Britain has been given the biggest economic upgrade of any G7 country after forecasters at the International Monetary Fund were forced to concede they had been too gloomy.

Stronger than expected economic performance so far this year means UK GDP is on track to contract by 0.3pc across 2023, half the 0.6pc fall the fund (IMF) forecast in January, according to its latest World Economic Outlook.

Britain is still expected to have the weakest performance of any large economy. It had the best growth in the G7 last year and rivals are making up the gap.

Meanwhile, the IMF warned that successive interest rate rises, deteriorating financial conditions and the ongoing war in Ukraine mean the world is entering a “perilous phase” with a 15pc chance that global growth will come almost to a halt.

The UK's upgrade was one of the largest in the world, behind only Spain and Russia at 0.4 percentage points, and Saudi Arabia, where the GDP forecast was upgraded by 0.5 points.

It was also the most positive in the G7. Germany was downgraded from 0.1pc growth to a 0.1pc contraction, while Japan's growth projection was cut by 0.5 points to 1.3pc.

Italy is expected to grow by 0.7pc, up from a previous forecast of 0.6pc; the US has been upgraded from 1.4pc to 1.6pc; and Canada and France were unchanged at 1.5pc and 0.7pc respectively.

The IMF has historically been one of the most gloomy forecasters for the UK. Even with the recent upgrades, its expectations are still below predictions from the Office for Budget Responsibility and the Organisation for Cooperation and Economic Development’s, which have both forecast a 0.2pc contraction.

The longer term outlook in the UK is also improving. The IMF revised up its 2024 forecast for UK GDP by 0.1 points to 1pc. In France and Germany, by contrast, it downgraded its 2024 forecasts by 0.3 points.

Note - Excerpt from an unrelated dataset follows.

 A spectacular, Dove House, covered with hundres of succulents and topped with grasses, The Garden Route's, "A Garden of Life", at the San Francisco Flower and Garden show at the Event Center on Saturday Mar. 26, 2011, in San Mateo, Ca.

However, the UK will still see a larger drop in growth this year than any other country. Even Russia will record 0.7pc growth in 2023, the IMF forecast. 

The IMF also warned of a looming risk of a global financial crisis. Economic counsellor Pierre-Olivier Gourinchas warned of “significant vulnerabilities” in both banks and non-bank financial institutions, illustrated by the UK gilt crisis last autumn and the collapse of several regional banks in the United States.

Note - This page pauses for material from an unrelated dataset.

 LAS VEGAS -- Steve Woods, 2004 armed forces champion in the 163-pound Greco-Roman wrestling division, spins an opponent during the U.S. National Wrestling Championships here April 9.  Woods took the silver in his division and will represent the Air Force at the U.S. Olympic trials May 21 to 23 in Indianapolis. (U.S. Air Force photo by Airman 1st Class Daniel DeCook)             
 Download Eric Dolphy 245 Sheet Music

He said: “The financial system may well be tested again. Once again, downside risks dominate. Nervous investors often look for the next weakest link, as they did with Credit Suisse.”

Global inflation is proving stickier than expected even a few months ago. The IMF revised up its inflation estimates for the last six months, following stronger than expected demand. This may push central banks to raise interest rates even higher, or keep them high for longer.

In turn, this will bring more pressure on global financial systems. The sharp tightening of monetary policy over the past 12 months is starting to have serious side effects for the financial sector. 

Mr Gourinchas warned of the possibility of a “‘risk-off’ shock”, in which a sharp tightening of global financial conditions could hammer credit conditions and public finances, triggering large outflows of capital and a slump in activity. This could bring global growth down to just 1pc.

He said: “We are therefore entering a perilous phase during which economic growth remains low by historical standards and financial risks have risen, yet inflation has not yet decisively turned the corner.” 

Even if this severe scenario can be evaded, global economic growth over the next five years will slump to its lowest level since 1990.

The IMF expects global GDP growth will fall from 3.4pc in 2022 to 2.8pc in 2023, with a 3pc five-year forecast.

Advanced economies will see the biggest slowdown, with growth slumping to 1.3pc this year, less than half the rate recorded in 2022.